Tuesday, October 20, 2015

GPC report 15 October 2015

GPC Report
For East and West Sussex LMCs
Dr Russell Brown
15th October 2015

The GPC held its latest meeting on 15th of October.  

Much of the meeting was centred around the beginnings of the contract negotiations for 2016-17, which have started much later than usual. NHS Employers have a limited mandate so far but it may be expanded after the outcome of the Comprehensive Spending Review later in the year. More news when I can. I suspect that discussions will in part be around the recently announced offer by the Prime Minister and we will give serious consideration to how that may affect GPs.  It is likely the experiences of the Vanguard sites will have a bearing on the development of this announcement, which is currently little more than headlines.

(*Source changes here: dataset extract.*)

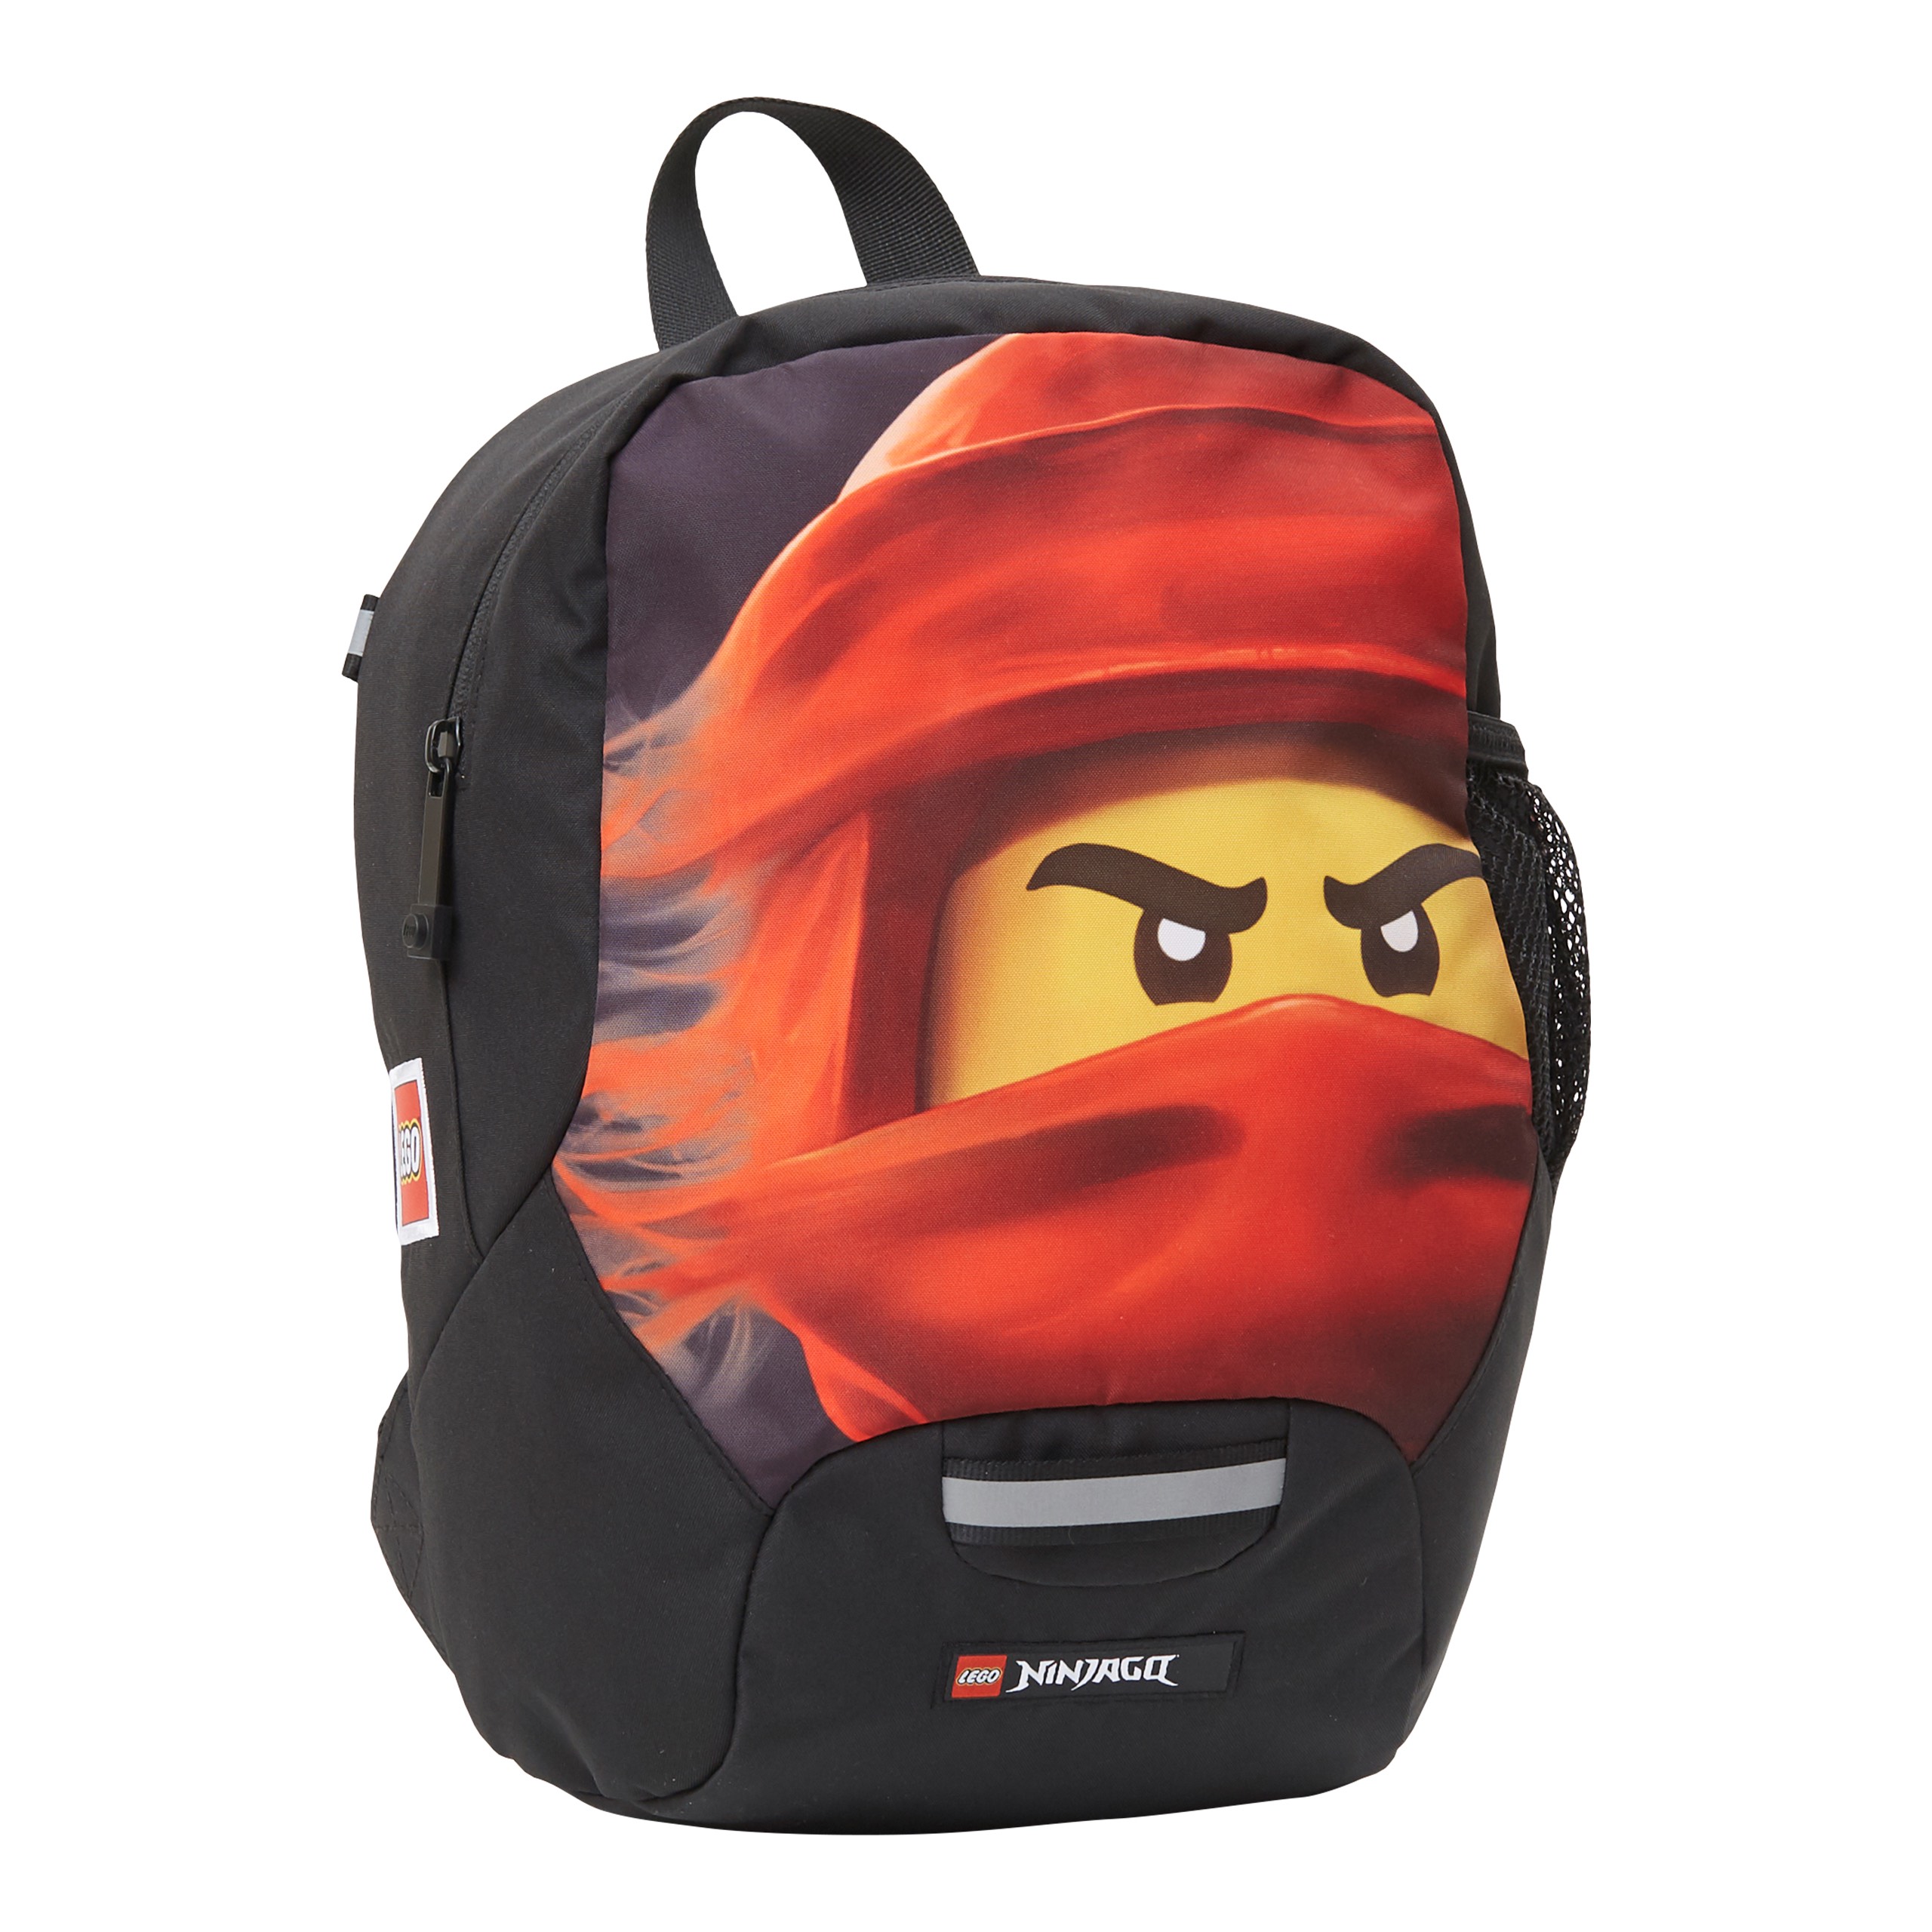 LEGO -GPL20222-2201 Ninja School Backpack, Green and Black (GPL Bags  GPL20222-2201)

But as usual, everything is highly confidential and so I can tell you every little. 

Foreign visitors: a new and clarified view of the eligibility of foreign visitors to the UK for Primary Care is interesting. It appears that ANYONE who is in the UK is eligible to receive primary car services for no charge.  There are several issues around this.  Guidance will be rewritten soon and discussions are ongoing with NHS England. For example, where does primary care stop? If a GP requests a chest X-ray for an American tourist, is that chargeable (by the hospital) or not? Information and opinion is also being sought of the indemnity organisations as to whether they cover GPs for providing services for example to American (and therefore potentially litigious) tourists. I should point out I only use Americans as an example as there are no collaborative arrangements in place as there are with many countries. 

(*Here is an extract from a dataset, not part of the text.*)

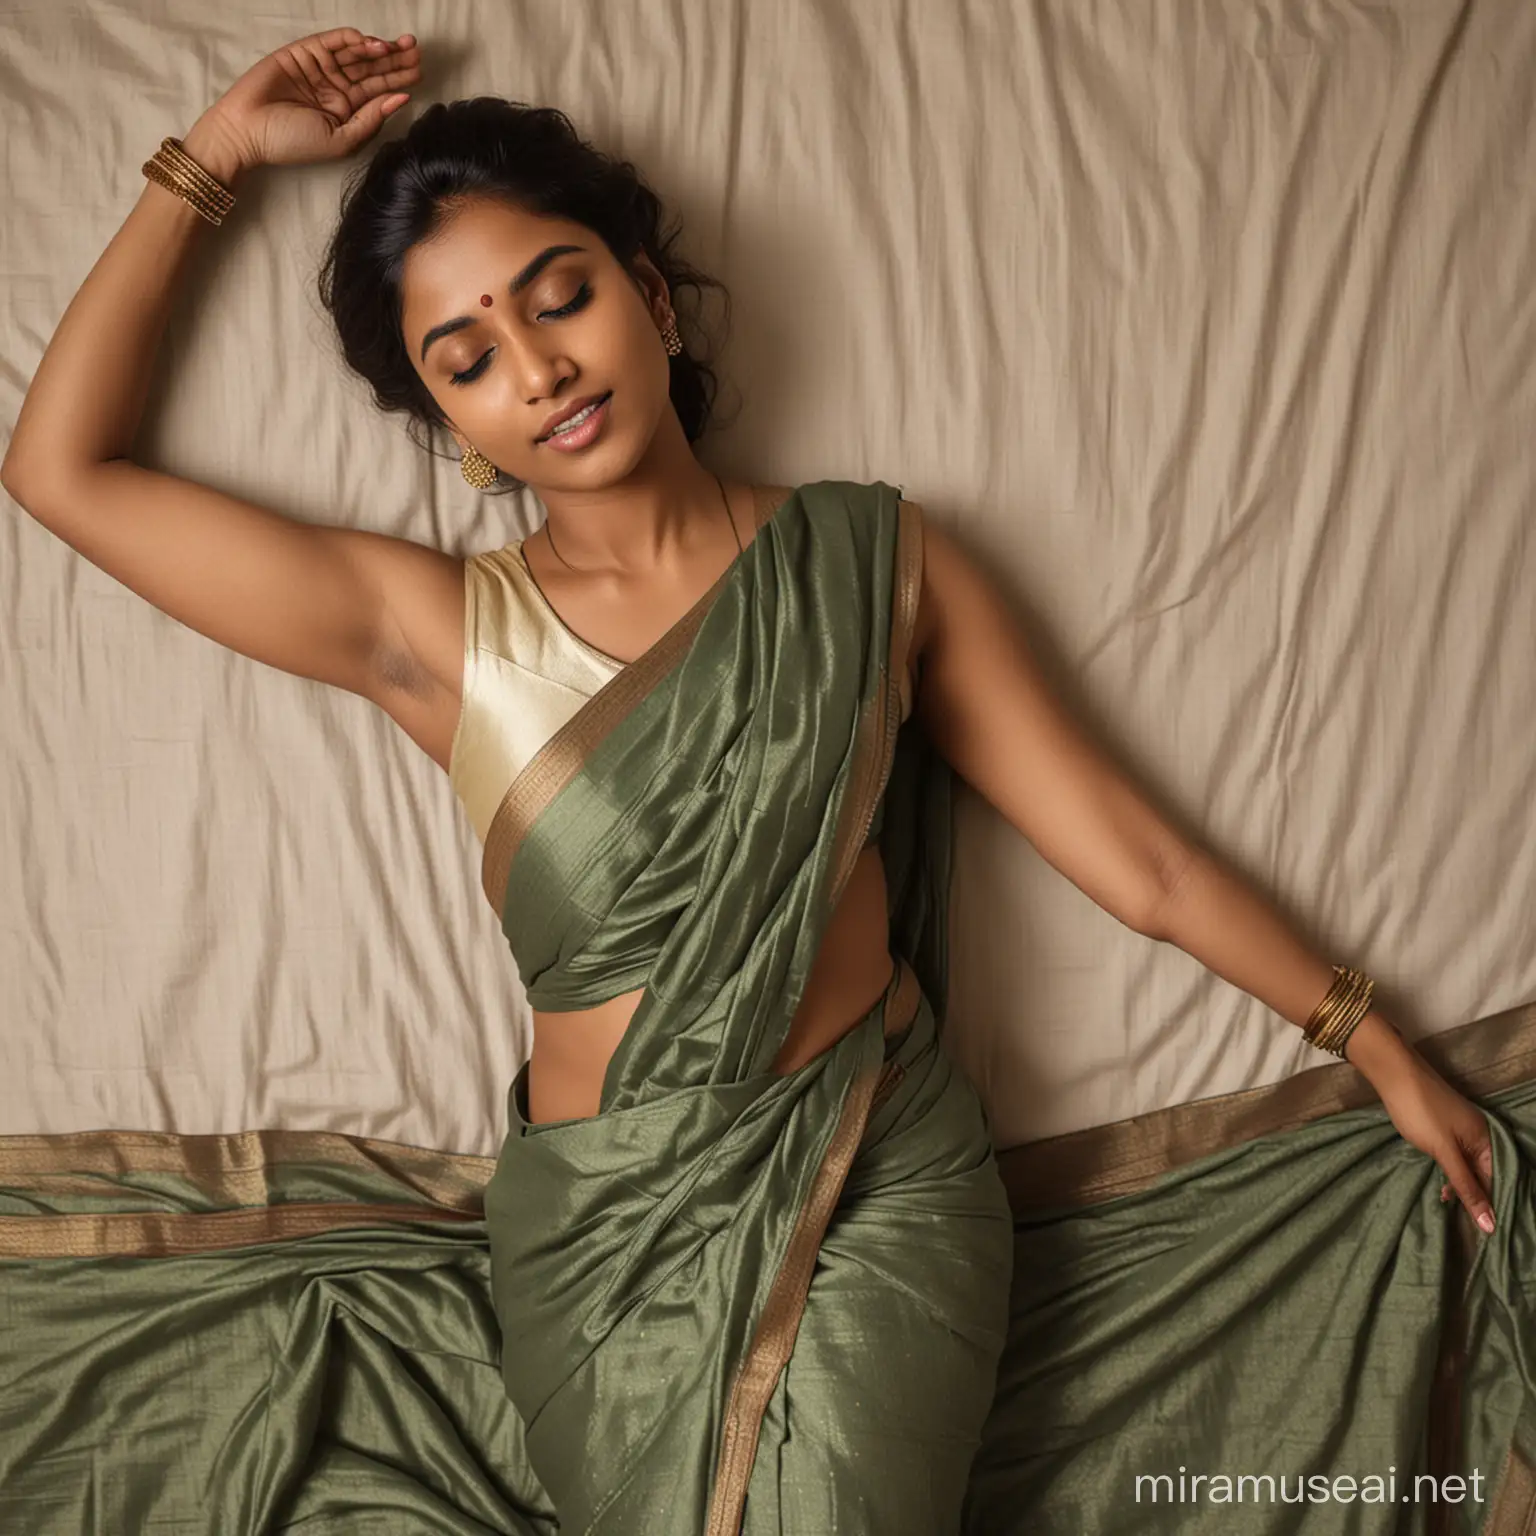 Indian women,darker skin,both arms up, sleeveless saree, sleeping on bed

A report from the NHS Alliance on "Making Time in General Practice" chimes well with the GPC's existing  "Quality First" work. I understand there will be joint NHSE/LMC meetings to support work towards achieving the suggestions contained in both reports. 

A report by the Health Foundation on quality indicators in General Practice, available here, vindicates GPC's position that any quality indicators used in General practice need to be contextual and that simple scorecards or league tables are at best unhelpful and over simplistic. 

The afternoon was spent in smaller groups discussing what the future may look like and how both GPC and LMCs can continue to represent their constituents. 

The “official” October GPC news can be found at the BMA Communities website. 

The next GPC meeting is scheduled for November. 

I hope you have found this report helpful.  Please feedback so that I can ensure my reports are useful. 

Dr Russell Brown

1 comment:

Anonymous said...

Free healthcare to yet another group who have never contributed to support the system when the NHS is seriously understaffed, and patients who have paid for the service their entire lives are unable to get care can really only be taken as yet another indication that the powers that be wish to destroy the system.

They already allow the acute sector to demand 'overperformance' bonuses on the block contract and legally mandate significant cuts in practice budgets, mandate increases in staff salaries, and take advantage of the fact that GPs have no route for promotion to strip out any potential salary increase based of years of service. This in turn reduces any incentive for someone to work in the primary sector and further destabilises the community/primary sector. Most of the approaching 55yo GPs I know are planning on quitting and we already know about the massive workforce shortages in GPs, nurses and HCAs for all the community teams, and yet there is no political will to incentivise trainees (how many trainees would be willing to enter a job with a guarantee of no increase in income for the next 20 years)
One assumes some of this is because practices and community trusts are badly represented in the political arena, but my only real conclusion is that someone in NHSE wishes to destroy the national health system and switch healthcare into the private sector.